Maintenant il est intéressant de remarquer ceci : avant l’exécution d’aucun acte de jugement de la part du trône de Dieu, la famille élue et tous ceux qui étaient avec eux, ont été enfermés en parfaite sécurité dans l’arche, le vaisseau de la grâce. Noé, en sûreté dans son arche, comme Adam l’avait été dans son vêtement de peau, était le témoin de la merveilleuse grâce de l’Éternel ; et comme tel, il pouvait contempler sans crainte le trône du gouvernement, quand Dieu versait ainsi sa terrible colère sur un monde souillé. Dieu en grâce a sauvé Noé, avant de balayer la terre avec son balai de jugement. Voilà encore un exemple des deux principes, la grâce et le gouvernement : la grâce qui agit en salut, le gouvernement qui se montre par le jugement. C’est Dieu qui agit dans les deux cas. Chaque particule matérielle de l’arche apportait au cœur la douce impression de la grâce ; chaque nouvelle vague du déluge annonçait le solennel décret du gouvernement.
Jacob (Gen. 25-36)
Le récit de la vie de ce patriarche est très instructif. Il montre comment la grâce et le gouvernement de Dieu se combinent de manière très solennelle et frappante. L’histoire entière de cet homme remarquable présente une suite d’événements qui mettent notre sujet en pleine lumière. Je ne mentionnerai que le seul fait de l’indigne tromperie dont il s’est rendu coupable envers son père Isaac, dans le but de supplanter son frère Esaü.
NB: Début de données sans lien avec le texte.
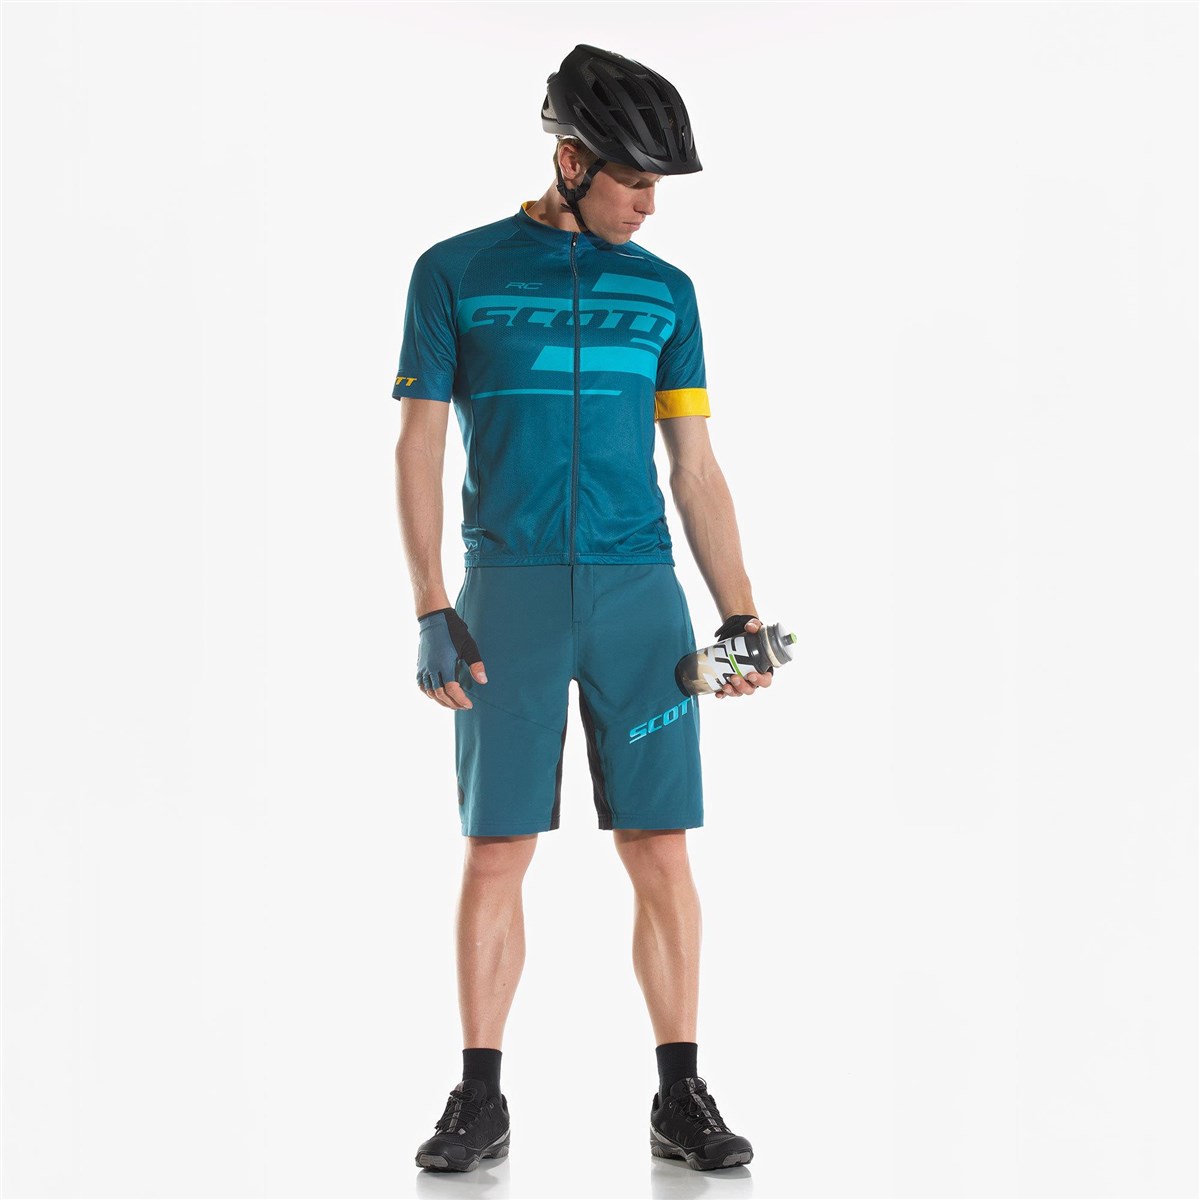 Scott Endurance Loose Fit With Pad Baggy Cycling Shorts

La souveraine grâce de Dieu avait assuré à Jacob, bien avant sa naissance, une prééminence dont aucun homme ne pouvait le priver. Mais, n’étant pas disposé à attendre les temps et les moyens de Dieu, il a entrepris de faire réussir ce dessein par lui-même. Avec quel résultat ? La suite de sa vie en fournit la réponse. L’exil loin de la maison de son père ; vingt ans d’une dure servitude ; son salaire changé dix fois ; sa mère qu’il n’a pas revue ; la crainte d’être tué par son frère irrité. Puis le déshonneur entré dans sa famille ; la terreur de perdre la vie de la main des habitants de Sichem. De plus, la conduite coupable de ses dix fils envers leur frère Joseph ; son chagrin profond causé par la mort supposée de son fils chéri, et, à nouveau la crainte de mourir des suites de la famine.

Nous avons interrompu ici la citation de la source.